EXERCISE:
After locating the line that holds "Six Suspension Ceramic Insulators", copy that line and all that follow it word for word through the end of the data, with no pictures.
── AVAILABLE DATA
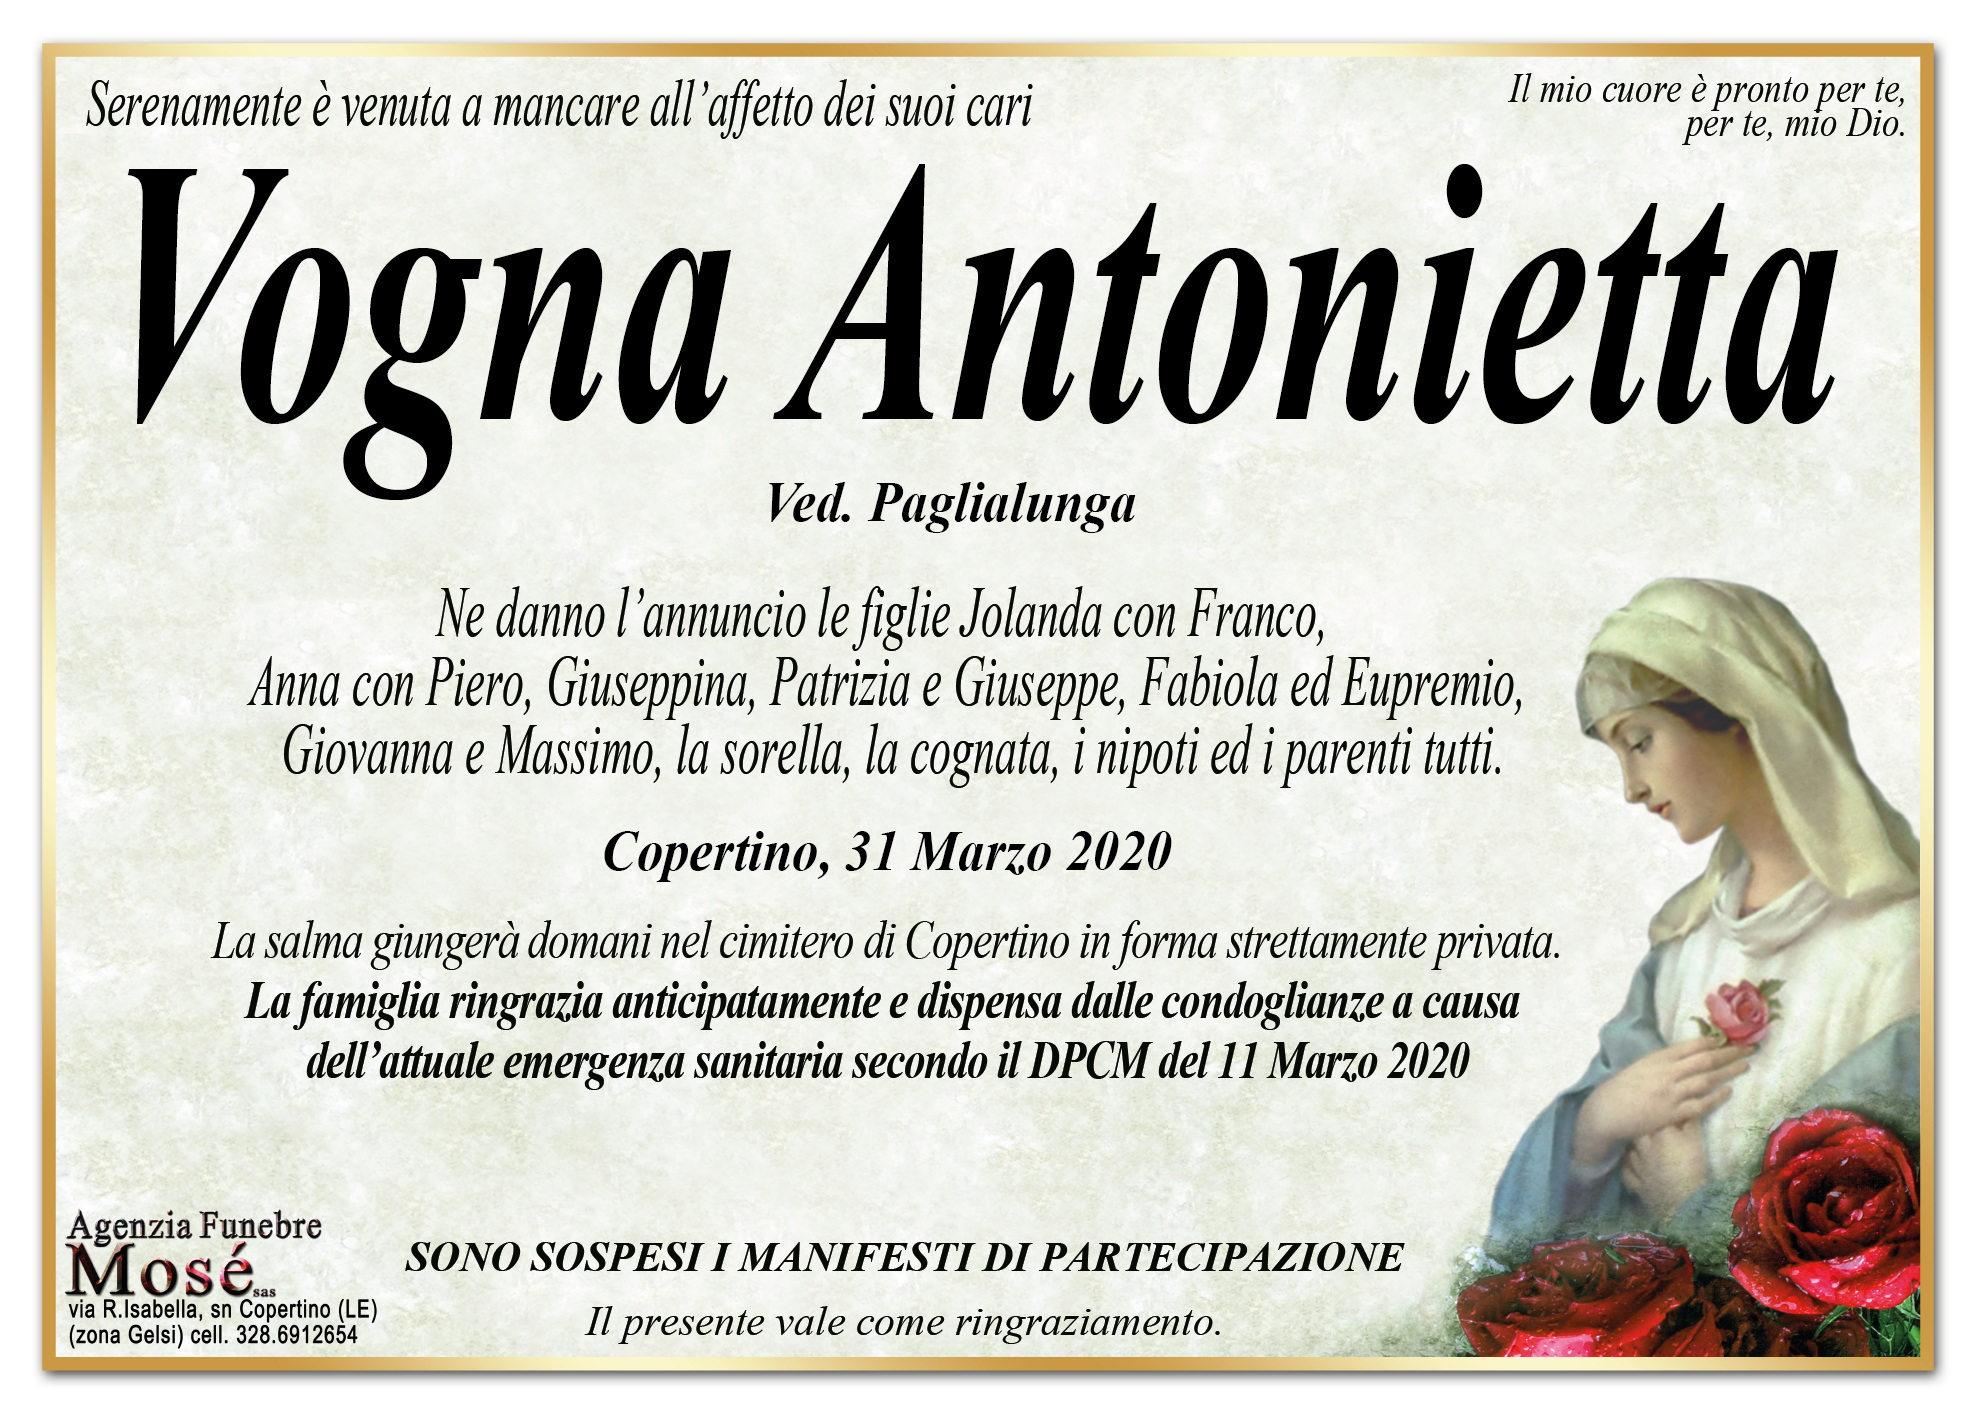 Antonietta Vogna
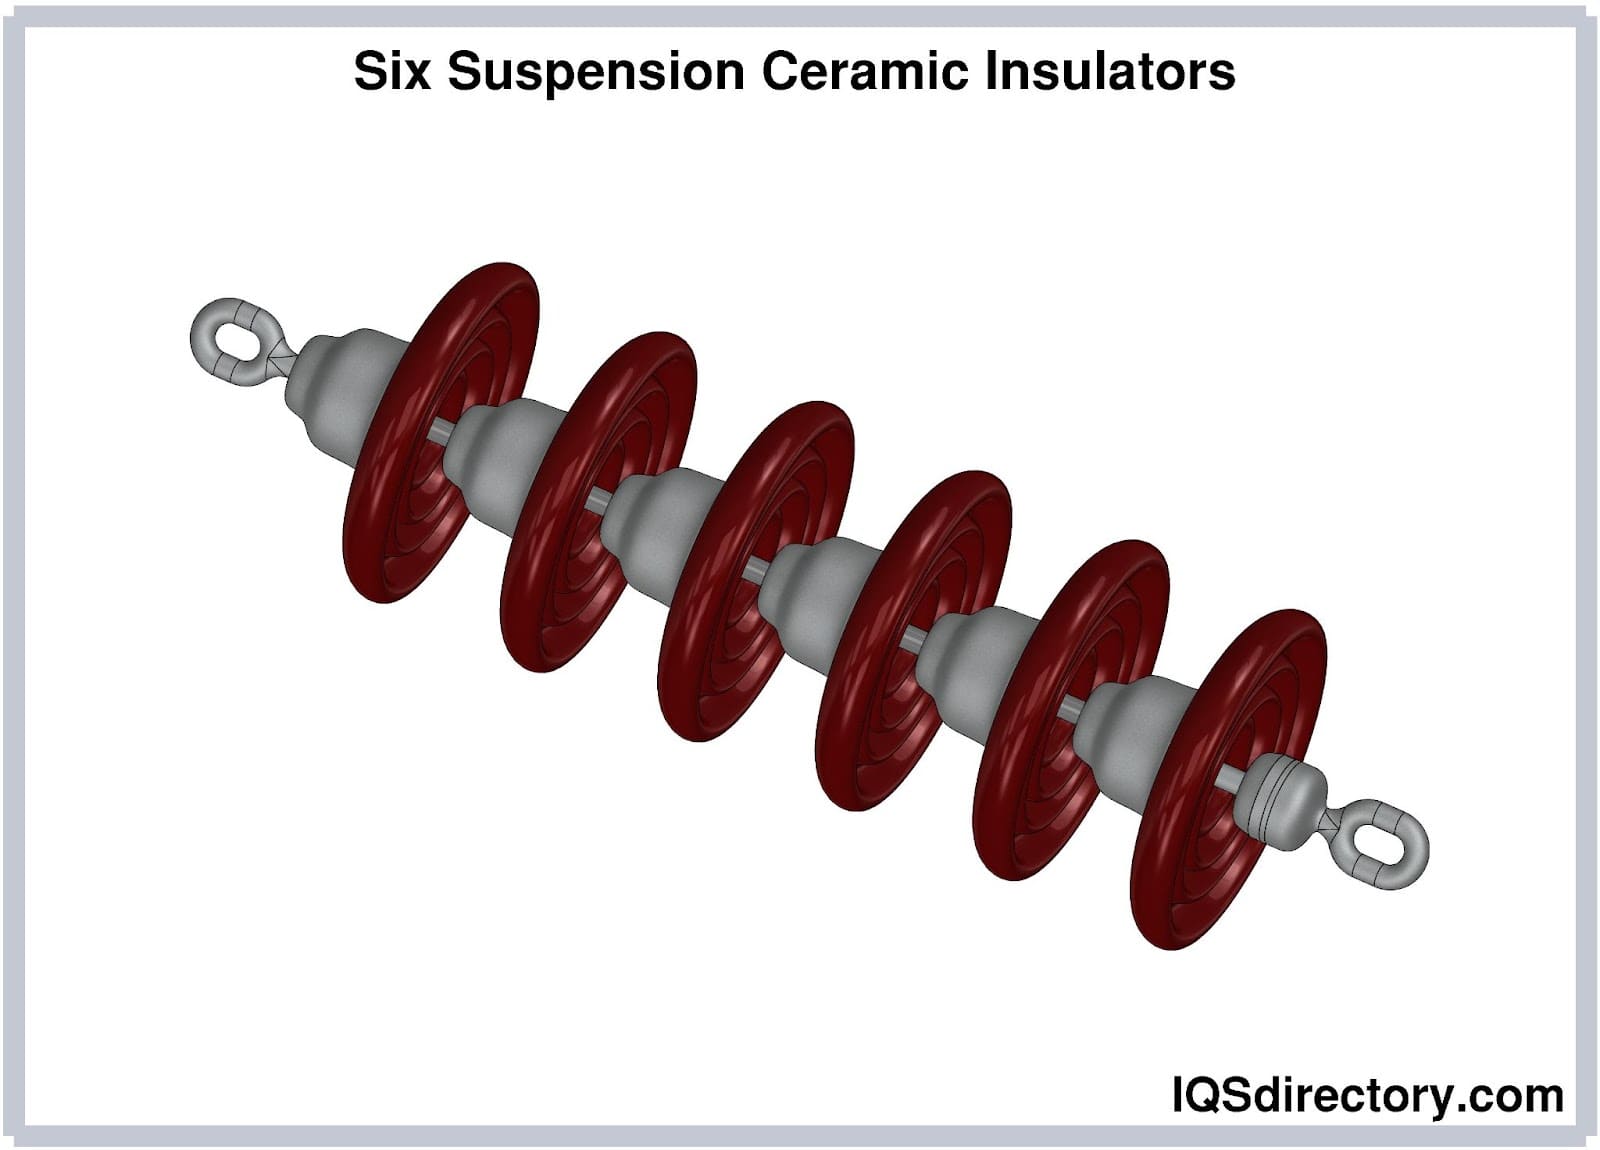 Six Suspension Ceramic Insulators
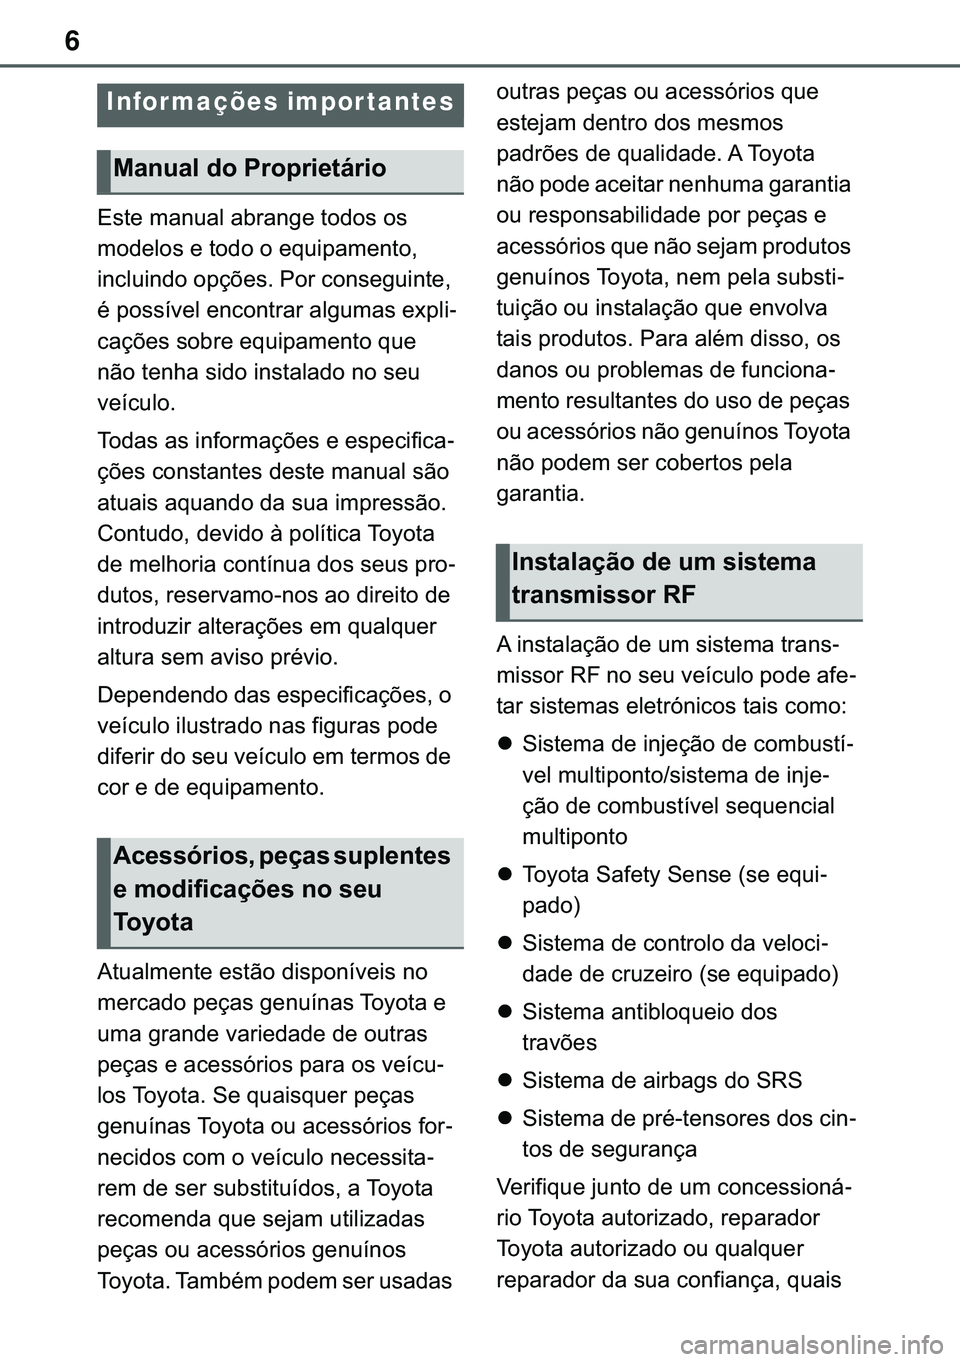 TOYOTA COROLLA HATCHBACK 2021  Manual de utilização (in Portuguese) 6
�(�V�W�H��P�D�Q�X�D�O��D�E�U�D�Q�J�H��W�R�G�R�V��R�V�
�P�R�G�H�O�R�V��H��W�R�G�R��R��H�T�X�L�S�D�P�H�Q�W�R��
�L�Q�F�O�X�L�Q�G�R��R�S�o�}�H�V���3�R�U��F�R�Q�V�H�J�X�L�Q�W�H��
�p��S�
────
ANSWER TO THIS EXERCISE:
 Six Suspension Ceramic Insulators
 TOYOTA COROLLA HATCHBACK 2021  Manual de utilização (in Portuguese) 6
�(�V�W�H��P�D�Q�X�D�O��D�E�U�D�Q�J�H��W�R�G�R�V��R�V�
�P�R�G�H�O�R�V��H��W�R�G�R��R��H�T�X�L�S�D�P�H�Q�W�R��
�L�Q�F�O�X�L�Q�G�R��R�S�o�}�H�V���3�R�U��F�R�Q�V�H�J�X�L�Q�W�H��
�p��S�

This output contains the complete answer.